In this setting, labor itself is a commodity, so that one of the goals of the firm is to drive down wages as low as possible. That was the basis for the assumption that the proletariat would be impoverished: the firm would drive the price of labor to barely enough to support life. The process of capital accumulation in “ever new technological and organizational forms” did occur, as we know from the Gilded Age in the US when trusts and cartels dominated industrial production. That process was eventually slowed down by anti-trust laws and other laws. By the 1970s, antitrust enforcement came under assault, and today we see the results in our own oligopoly.

Monopoly capitalism has its own contradictions. In theory, there is no limit to cartelization, but in practice, there are limits. Technological change is a major force, and occasionally democratic processes interfere with the actions of capital. Another major force is the general distrust of large firms that was common in the early 20th Century, but that seems less of a factor today.

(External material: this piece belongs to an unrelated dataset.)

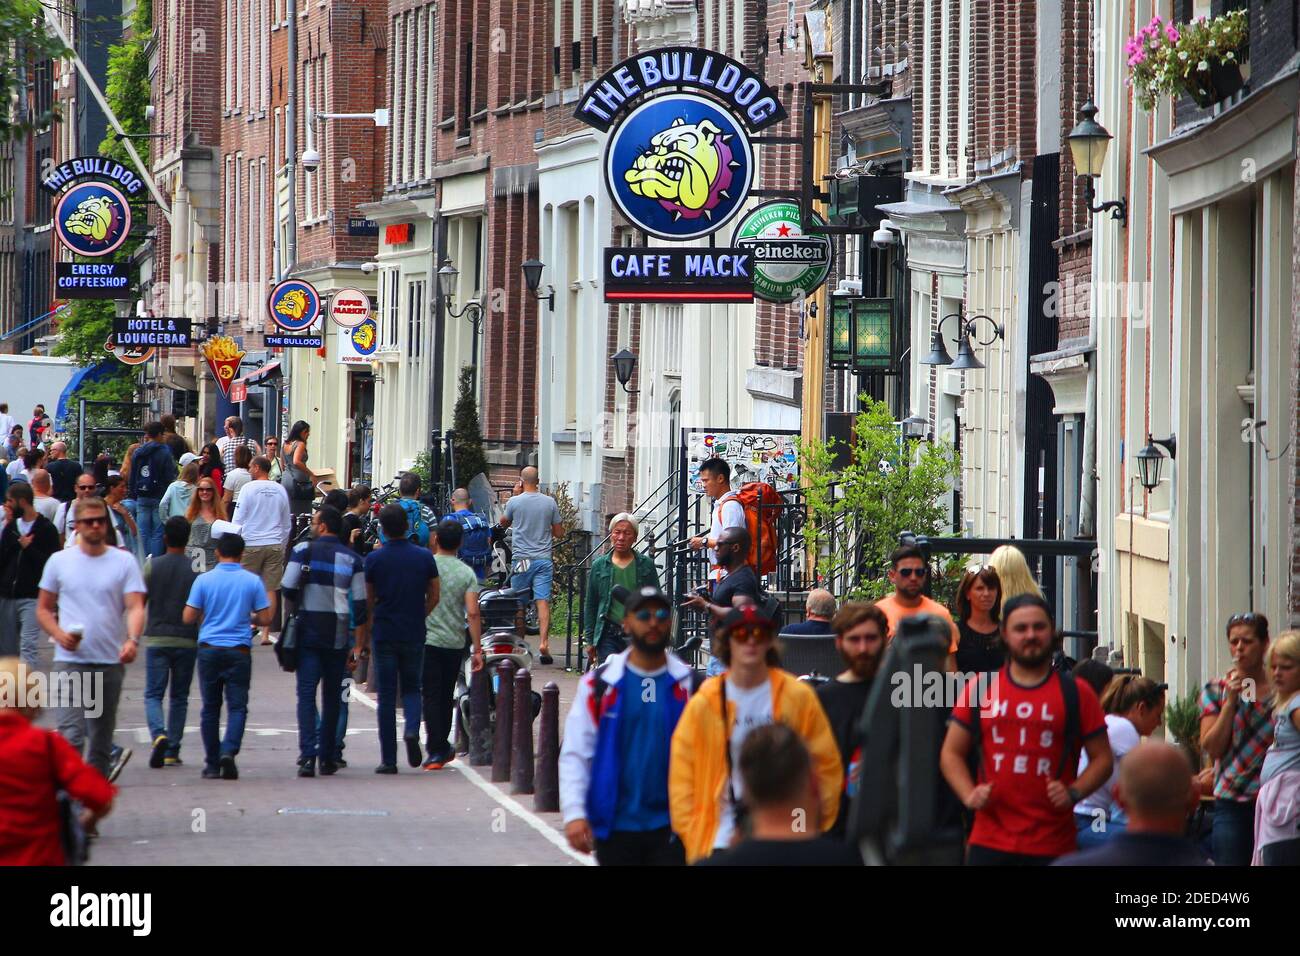 AMSTERDAM, NETHERLANDS - JULY 10, 2017: People visit The Bulldog coffee shop in Amsterdam, Netherlands. Coffeeshops legally sell marijuana for persona Stock Photo

Based on the rise of the Nazis in Germany and the Communists in Russia Pollock thought that monopoly capitalism had reached its limits. Pollock saw Soviet Communism and German fascism as a new form of capitalism, State Capitalism. In both countries, the new regime preserved the forms of private property, but in effect all production was organized to carry out the aims of the central government. The profit motive was subordinated; instead the productive processes was organized to achieve dominance over the population. The state was controlled by a mixture of party members and bureaucrats in Russia, and by the party and a group corporate executives and rich people in Germany. Pollock argued that this was the future of capitalism.

In the US, he might have seen some elements of state capitalism in the following: a) the use of central planning, as in the National Recovery Act: b) the encouragement of technological innovation; c) the use of central banks both to stabilize and direct capital deployment; d) a form of job guarantee, as in the Civilian Conservation Corps; and e) a large and growing military sector. These trends in the US were baby steps compared with Russia and the Axis Powers, but they were real changes.

The Frankfurt School was right about the movement towards monopoly and oligopoly, and it was right about the increasing involvement of the State in this process. They were wrong to think that capitalism would turn into State Capitalism at least in the US and Europe, but in other parts of the world there are forms of the new regime. It’s important to note that not only were they right, but right for the right reasons. Here’s a discussion of the contradictions of capitalism from the New Palgrave Dictionary of Economics that shows the way this happens.

Critical Theory rejected the idea of economic determinism which was characteristic of orthodox Marxists. The Frankfurt School saw economics relations as one aspect of human behavior along with all the different interests and concerns people might have. They rejected the idea that economic relations were determinative of human behavior and therefore of the future, according to Martin Jay.

Pollack wrote that the profit motive “… had always been a variant of the power motive.” P. 155. The power motive drove towards dominance over nature, and because humans are part of nature, it included the drive to dominate other humans. The theory that the fundamental problem with capitalism is that the profit motive becomes entwined with the drive to dominate became a central focus of Critical Theory. They saw its effect in culture and academia. All knowledge becomes instrumental, only useful or even pursued if it can be used in capital accumulation. They argued that nature becomes invisible. The natural world is only useful for its resources, not because humans are part of nature, or because its beauty and terror contribute to our lives. Other human beings become objects, not agents in their pursuit of their own interests. The Frankfurt School was right about dominance, too.